I am all for responsible breeders and rescues. My rule of thumb is whichever fits the family's needs is just fine with me. We're probably going to go with an adult rescue for our first, maybe a breeder after that, maybe not. 

But also; Wtf is wrong with saying "I love my rescue dog"? If you got a dog from a shelter/rescue are you not allowed to say that you love them unless you're calling them by name or breed? Good grief. I also don't use/get bumper stickers in general but sheesh. Saying "I love my rescue dog" says NOTHING about anything other than your love for your dog. Any 'guilt' or whatever else about having a dog from a breeder is something you are presuming as a third party. 

If I get a dog from the SPCA am I not allowed to tell people "Yea, we got him from the SPCA, we love him so much, the perfect dog for us!" without apparently subliminally also telling that person not to get a dog from a responsible breeder and if they do they're killing dogs? Seriously?


----------



## OwnedbyACDs (Jun 22, 2013)

I am not, I love those stickers that say "My [insert breed here] is smarter then your honor student" (which is technically more offensive then "I love my rescue dog" if you really look at it LOL). I also love to see someone loving their dog and is proud of their dog. to me, "I love my rescue dog" is no different then "I love my mutt" or "I love my [insert breed here]" its just saying that you love your dog, I see nothing wrong with that


----------



## dagwall (Mar 17, 2011)

Hambonez said:


> I am one of those people who, when asked about my dog, will ALWAYS point out that I got him from the SPCA. I'm not trying to be holier-than-thou, or disparaging responsible breeding, but many people have the impression than dogs from shelters are "less than" dogs from breeders. I also believe many of those people wouldn't know a good breeder if the breeder's dog bit 'em on the rump, but we even get that here all the time. "I don't want to rescue because I don't want a defective dog." People fawn over Hamilton, "What a handsome dog, he's so well behaved, what a sweet dog, what a good boy... what kind of dog is he?" and I tell them he's a mutt from the SPCA. I don't think it's preachy or negative towards purebred dogs, I just think it gives my dog a chance to positively represent shelter dogs.


This!

I've had so many people fawn over my boy Jubel when they meet him and be shocked when they find out he's a rescue and was about 2 years old when I got him. Usually they are first surprised he's a rescue because he's a generally well behaved boy with a great temperament. Then they assume I got him as a puppy then and "raised him right," nope a 2 year old rescue who came home just needing a few more manners. I have no problem with people getting their dogs from breeders but the shock that my dog isn't "defective" since he ended up in a shelter "for some reason" annoys me. I've run into it enough to accept the idea is pretty pervasive. 

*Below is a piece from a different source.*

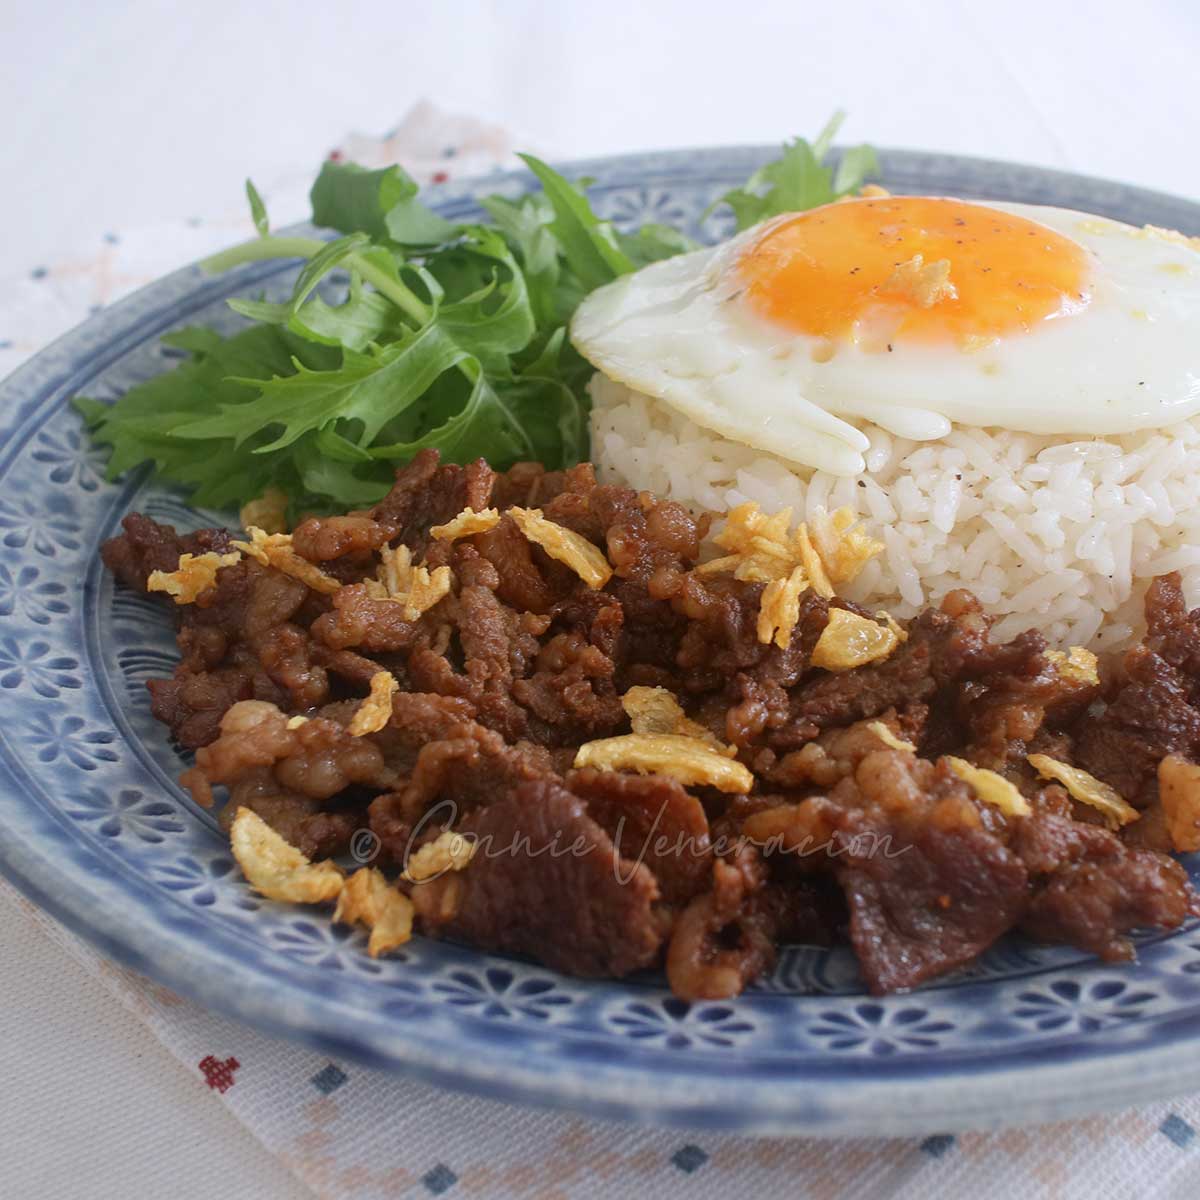 Beef, egg and rice (tapsilog)

I have nothing against breeders or people who get their dogs from responsible breeders. I'm smack dab in the middle here. No plans to ever get a dog from a breeder myself as I know I can find what I want at the shelter but no animosity towards those who do go to breeders for whatever reason they want. I dislike the rescue people who think all breeding is horrible, I also dislike the people who think all dogs in shelters are there due to some fault of their own. There is a HUGE middle ground between these extreme opinions.


----------



## RabbleFox (Jan 23, 2013)

I'm not offended by bumper stickers saying "I love my mutt!" Or "I love my *breed goes here*!" I have two window stickers. One is an Aussie and one is a Husky. Now Bae isn't a purebred husky by any means but close enough! So just because it looks like a husky sticker doesn't make me a breedist snob. I know a lot of people who come in with their mixes and pick up whatever breed sticker is closest to their pup. 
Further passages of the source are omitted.